- DATA SHOWN -
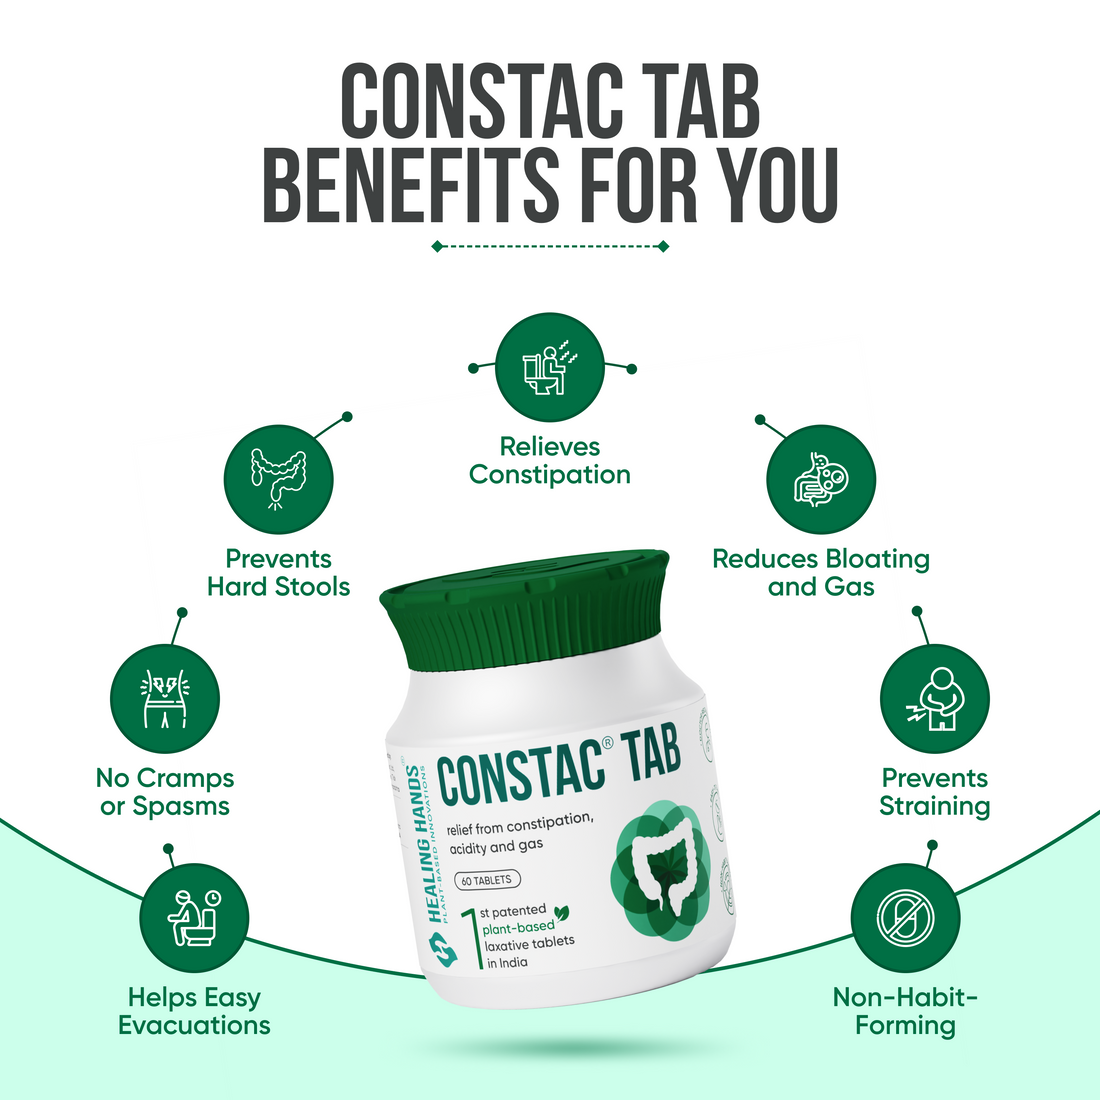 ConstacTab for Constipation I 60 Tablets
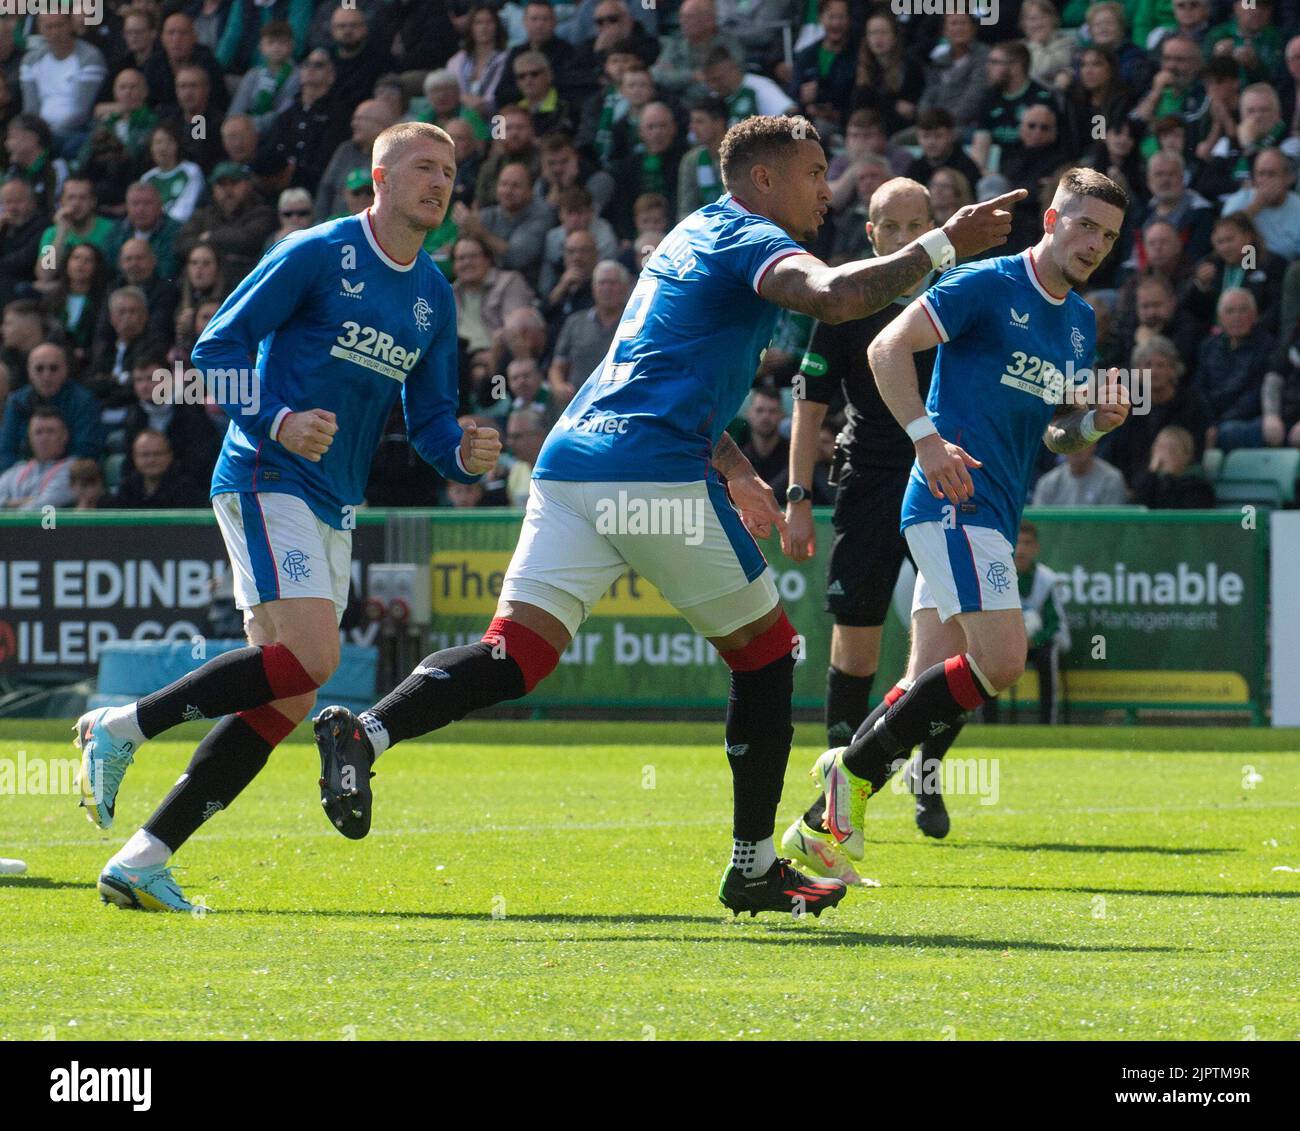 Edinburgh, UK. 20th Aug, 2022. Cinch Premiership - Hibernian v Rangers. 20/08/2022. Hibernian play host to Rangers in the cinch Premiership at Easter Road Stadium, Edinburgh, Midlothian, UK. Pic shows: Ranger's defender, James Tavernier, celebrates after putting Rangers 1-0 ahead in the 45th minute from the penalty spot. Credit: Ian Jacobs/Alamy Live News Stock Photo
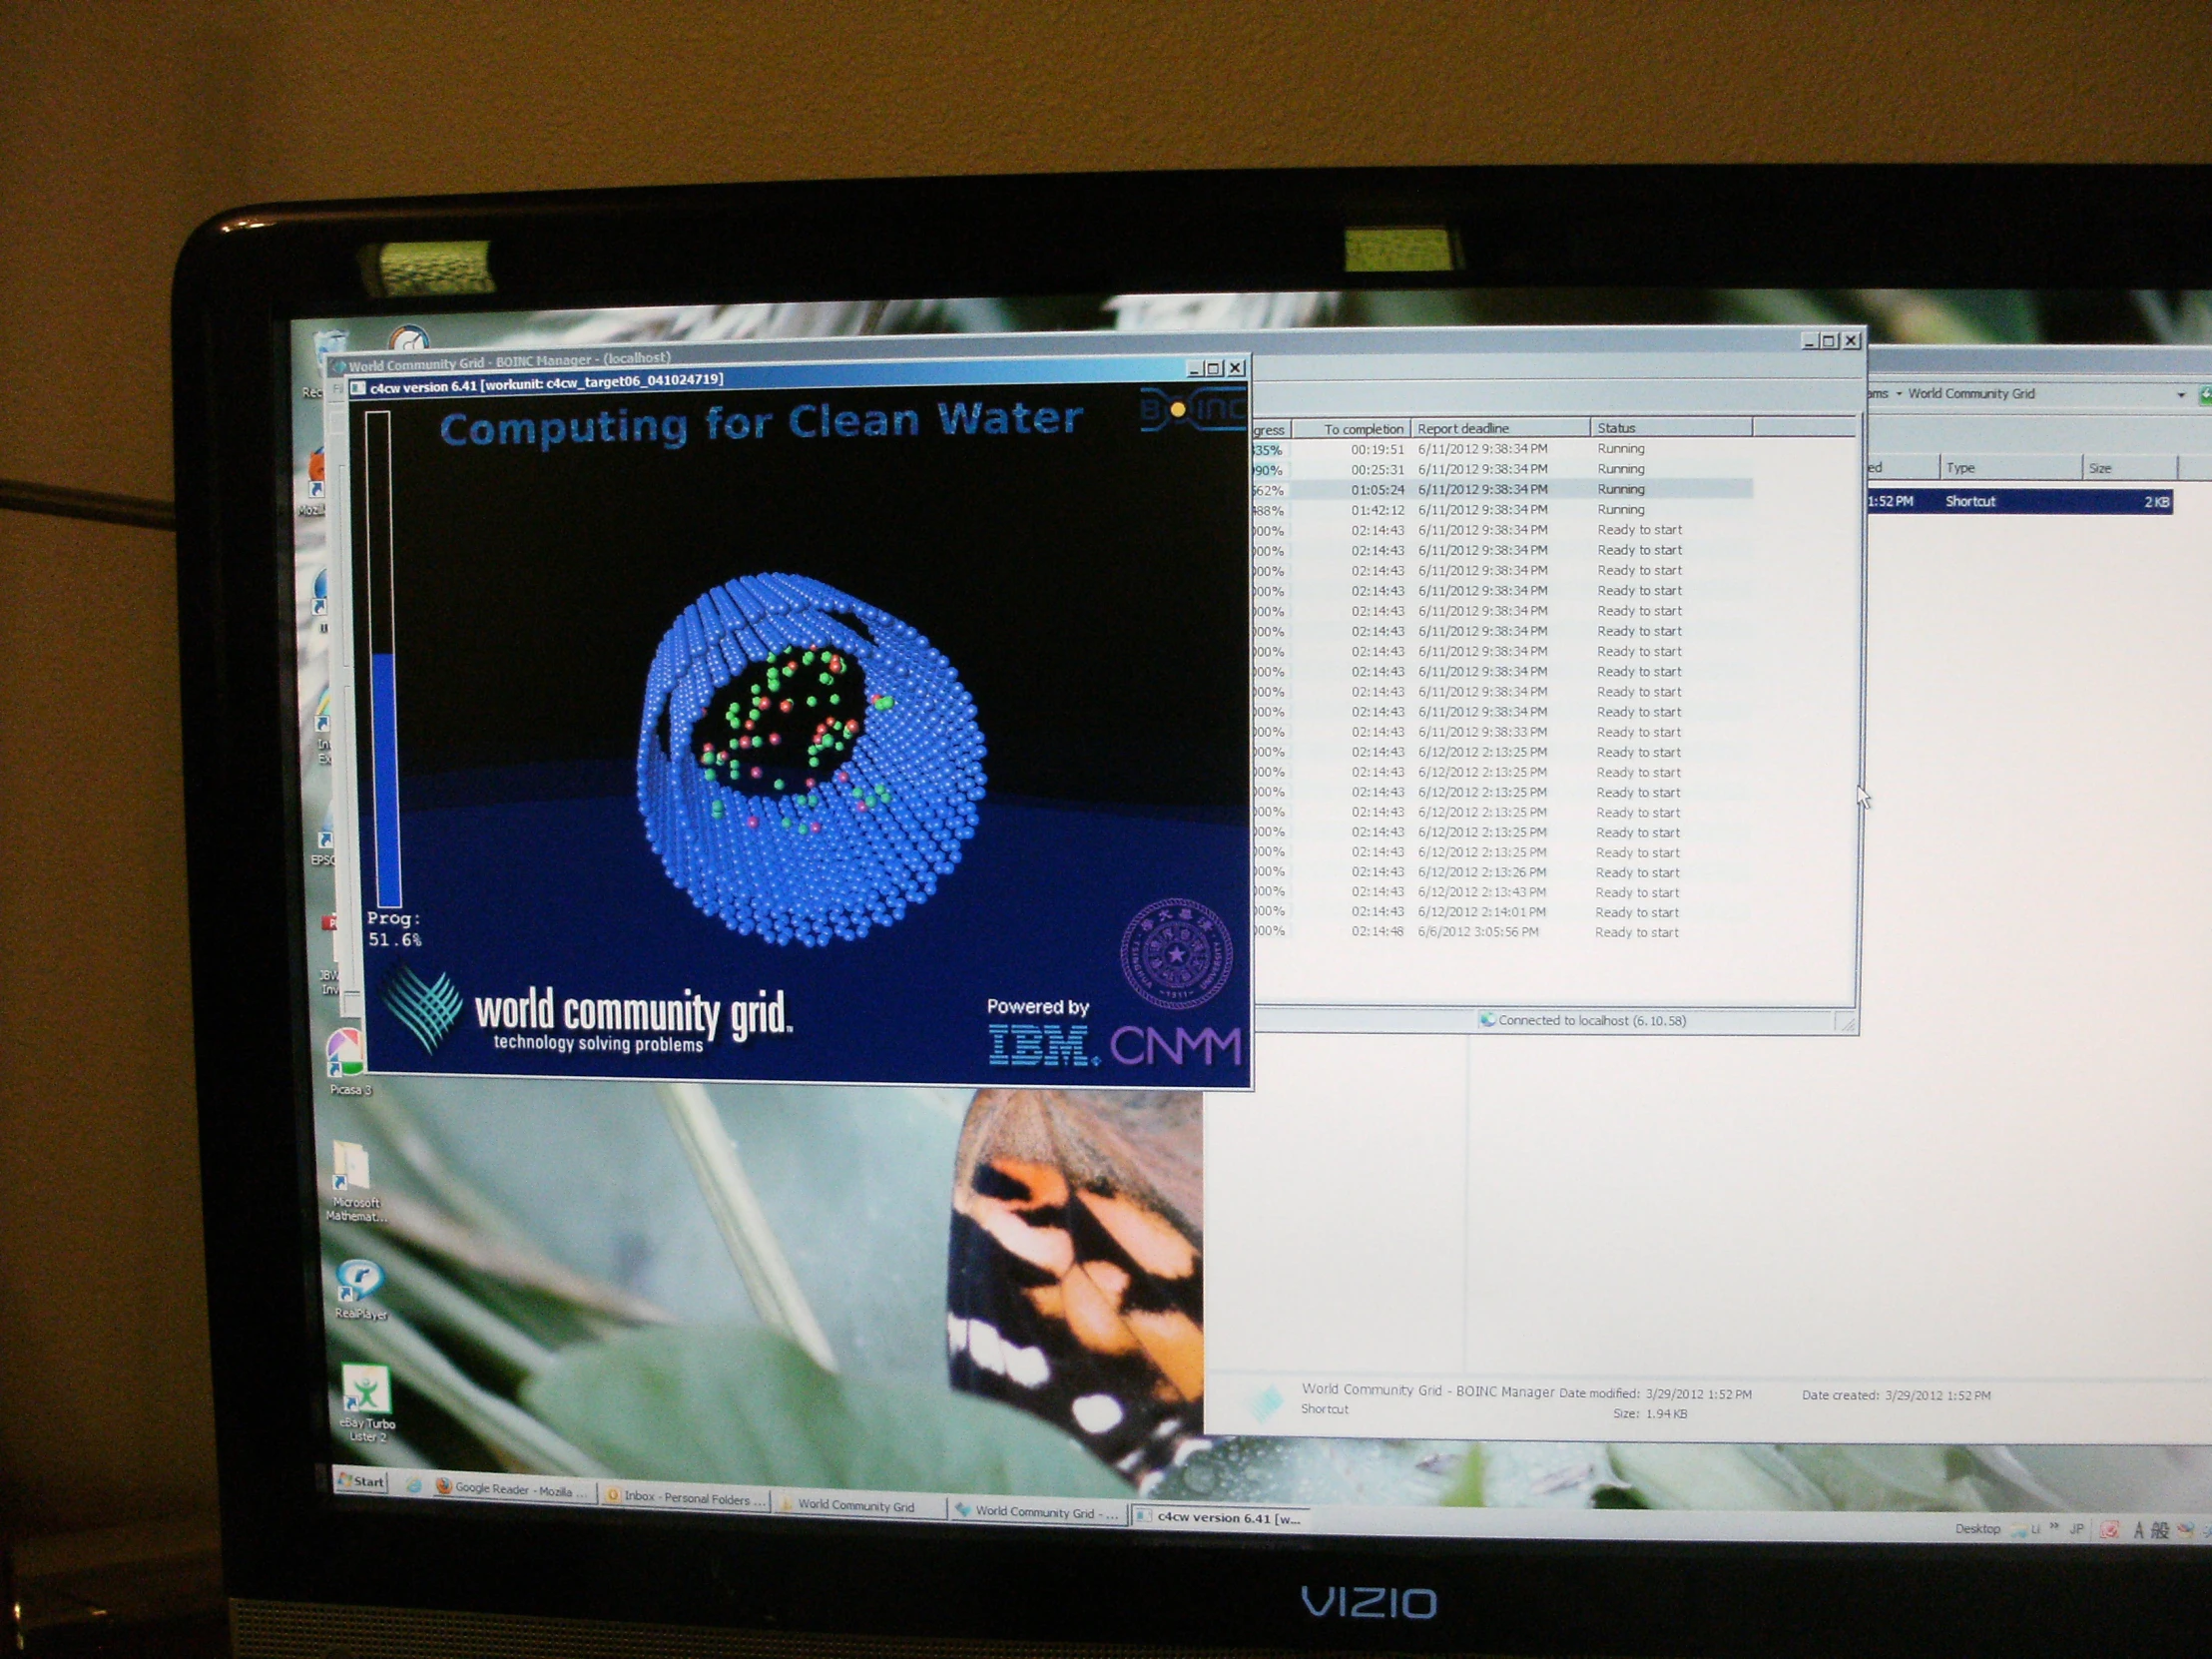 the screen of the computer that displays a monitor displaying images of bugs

- TASK TO CARRY OUT -
The answer must be the data above, repeated exactly, with no pictures.

- RESULT -
 ConstacTab for Constipation I 60 Tablets
 Edinburgh, UK. 20th Aug, 2022. Cinch Premiership - Hibernian v Rangers. 20/08/2022. Hibernian play host to Rangers in the cinch Premiership at Easter Road Stadium, Edinburgh, Midlothian, UK. Pic shows: Ranger's defender, James Tavernier, celebrates after putting Rangers 1-0 ahead in the 45th minute from the penalty spot. Credit: Ian Jacobs/Alamy Live News Stock Photo
 the screen of the computer that displays a monitor displaying images of bugs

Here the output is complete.